All that thanks to a radical rethinking of transactional memory.

Simply put, the aim of transactional memory is to ensure that the right operations take place at the right time, without interference or disruption. Easier said than done. Especially if you want to go fast.

As luck would have it, the things Moir thought were impossible -- the things he and his team in Sun Labs have been working on for the past several years -- are becoming practical just in time to take advantage of the multicore revolution in microprocessors.

In fact, Sun's upcoming "Rock" processor will be the first mainstream processor to hardwire support for transactional memory into its design for increased speed.

The thing to know about Mark Moir is that he hates false dichotomies.

"There are just so many in our industry," he says. "People say, 'You can't use this technique to get that property. It's impossible.' No, it isn't. Just because the first two ideas you tried out didn't work doesn't mean it's impossible. I know how hard it is to prove something is impossible, so when someone says, 'That's impossible,' I say, 'Where's your proof? You don't have one, do you? Uh-huh.'"

It's a lesson he learned from experience, obviously. While he was never lazy about pursuing proofs, the hard work he put in sparked some essential insights.
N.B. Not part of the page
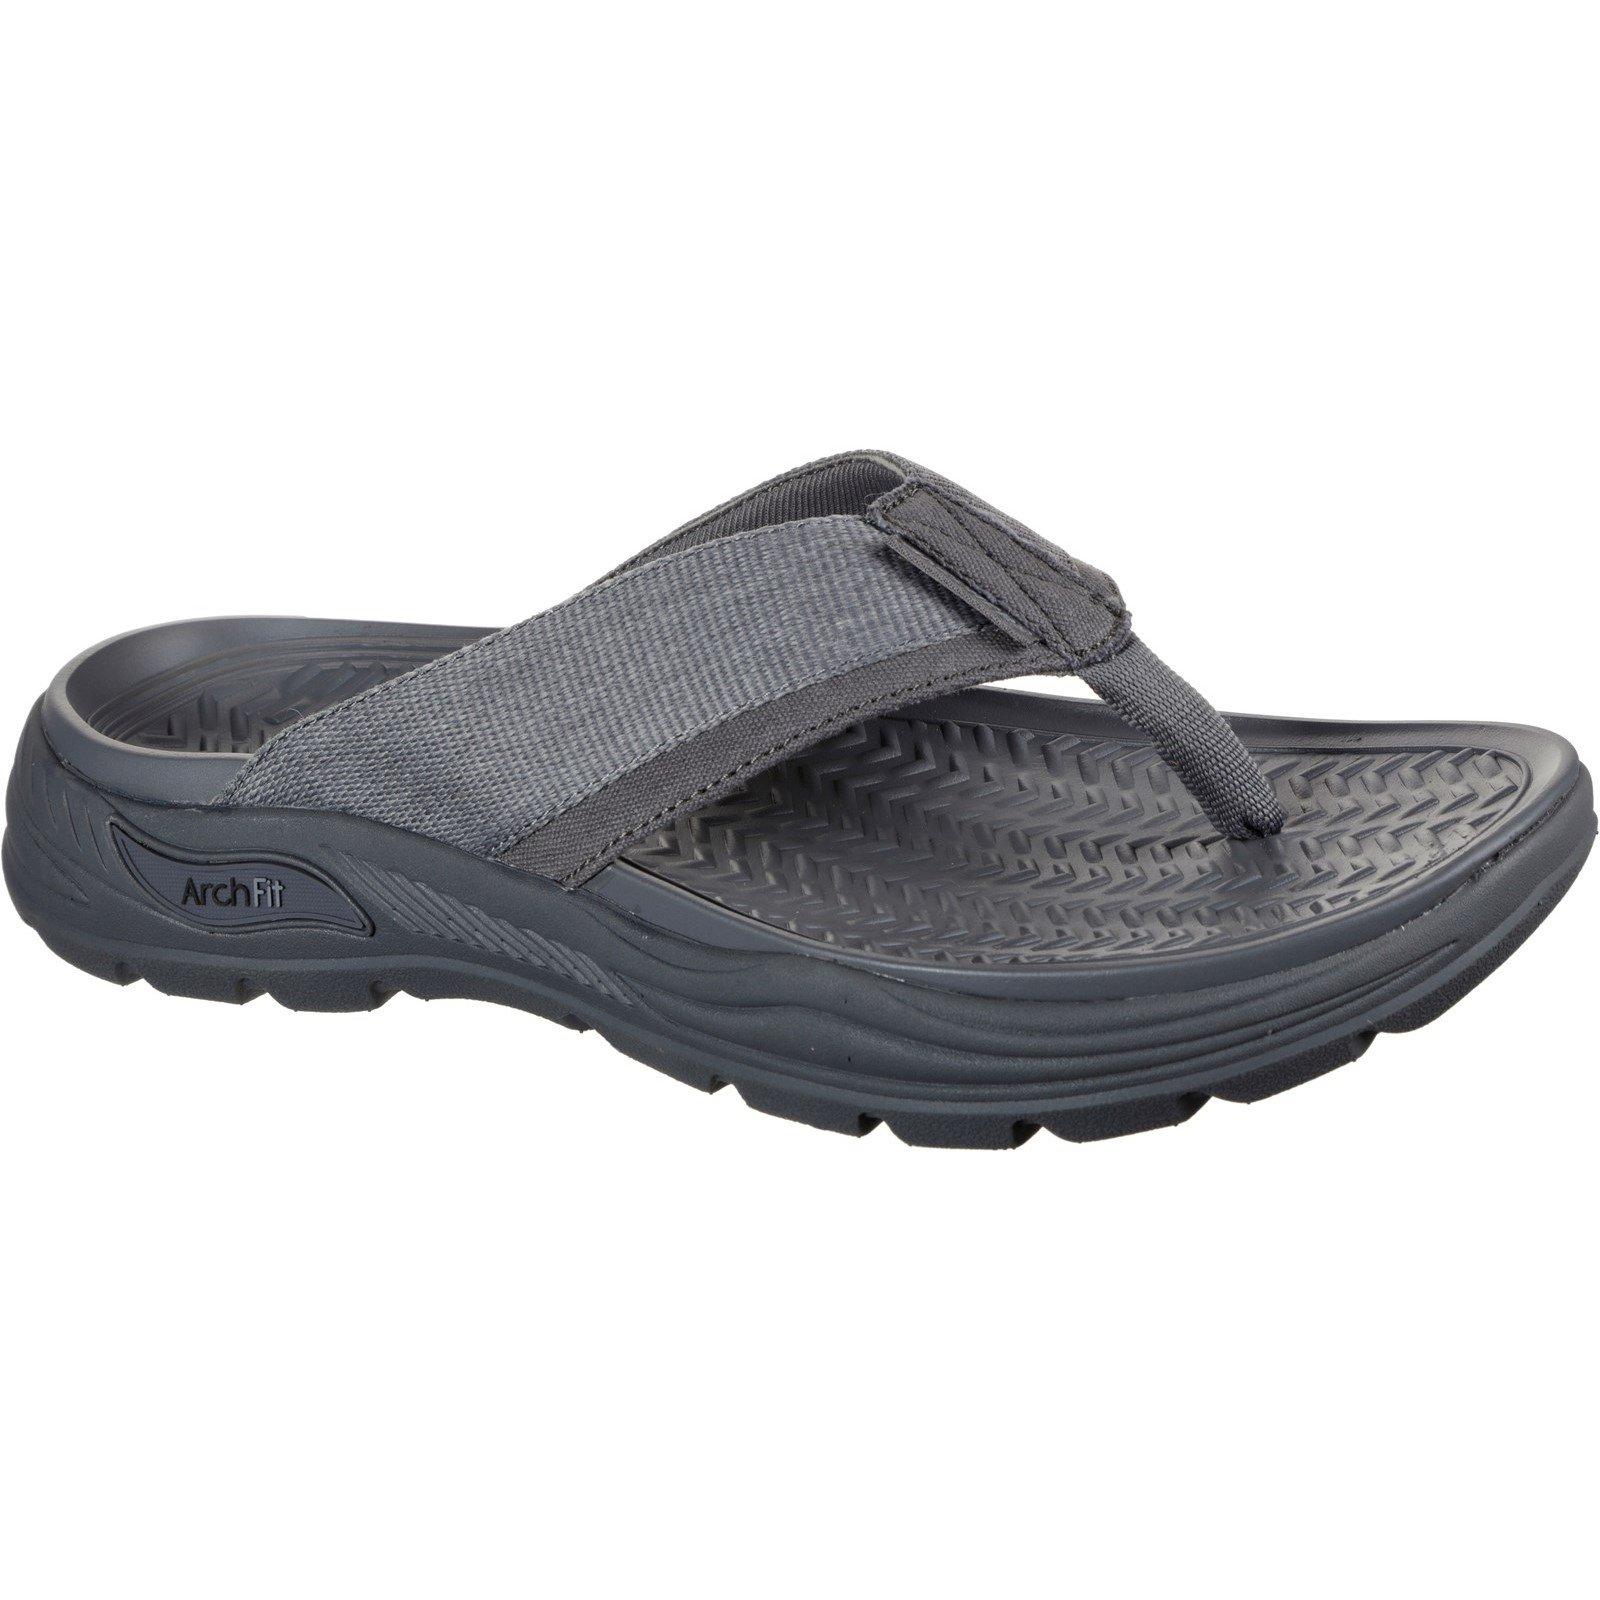 Skechers Men's Arch Fit Motley Dolano Summer Sandal Charcoal 32209 - Charcoal 11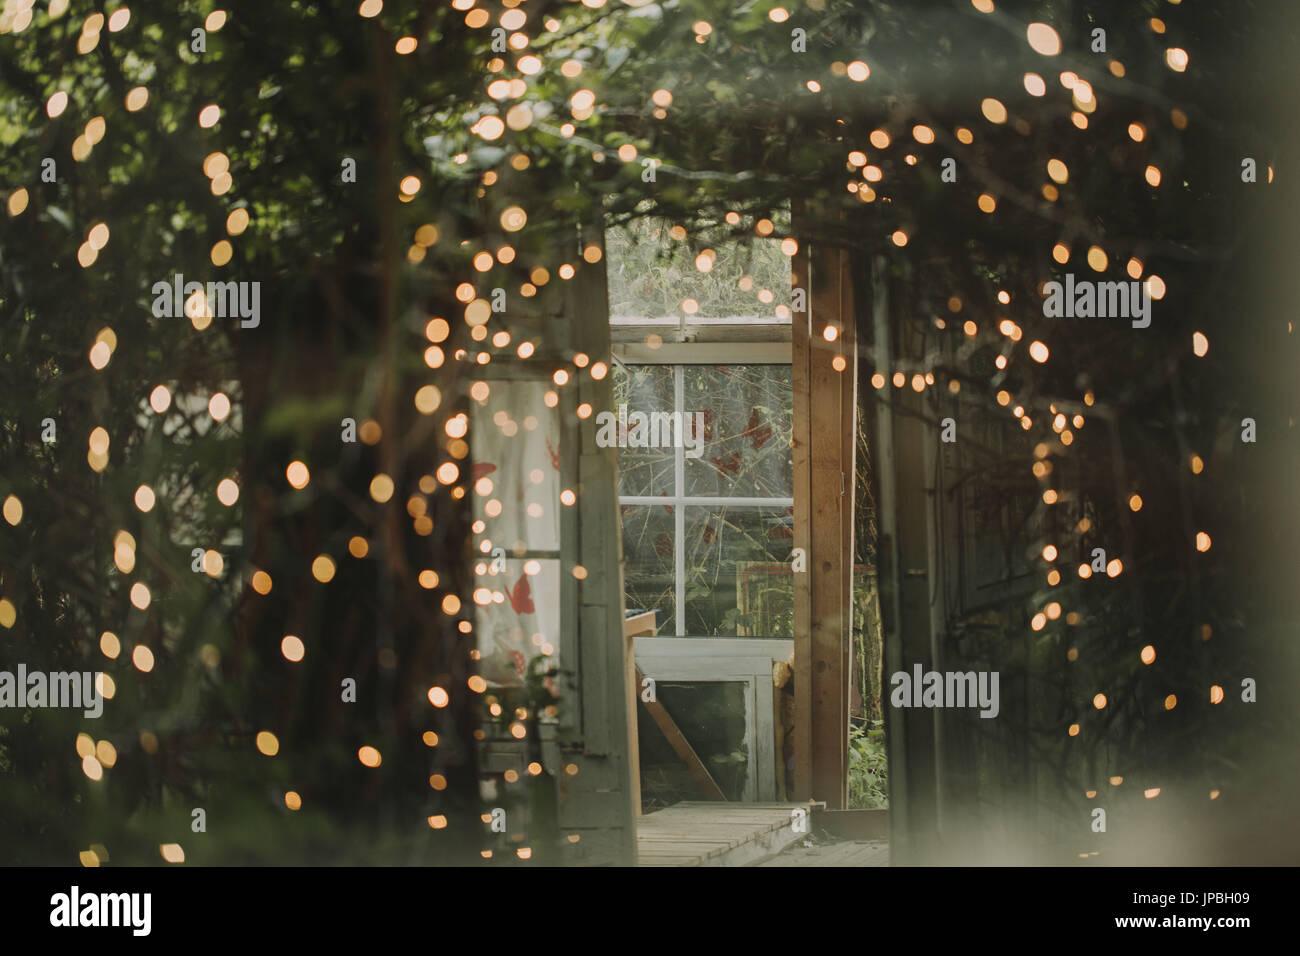 Alternative wedding, garden shed, strings of lights - Stock Image

"When you set out to prove that something is impossible, you've got to somehow abstract all the possible solutions and prove that none of those could work, so it's a very hard problem," Moir says. "Time after time I'd be working on a proof to show you can't solve such and such a problem in such a model, and I'd have it all covered -- doesn't work this way, doesn't work that way -- and I'd be down to this last hard case, banging my head against the wall for a few weeks, and then I'd wake up one morning and realize, 'Oh, I can't prove that this is impossible because ... it's possible.'"

Soon a pattern emerged:

"After this happened a few times, I said 'Okay, forget proving it's impossible. Let me get on the bandwagon and make it possible.'"

So Moir's initial stance was wrong, he's pleased to say, but that didn't stop him and his team from taking a very contrarian approach to the solution.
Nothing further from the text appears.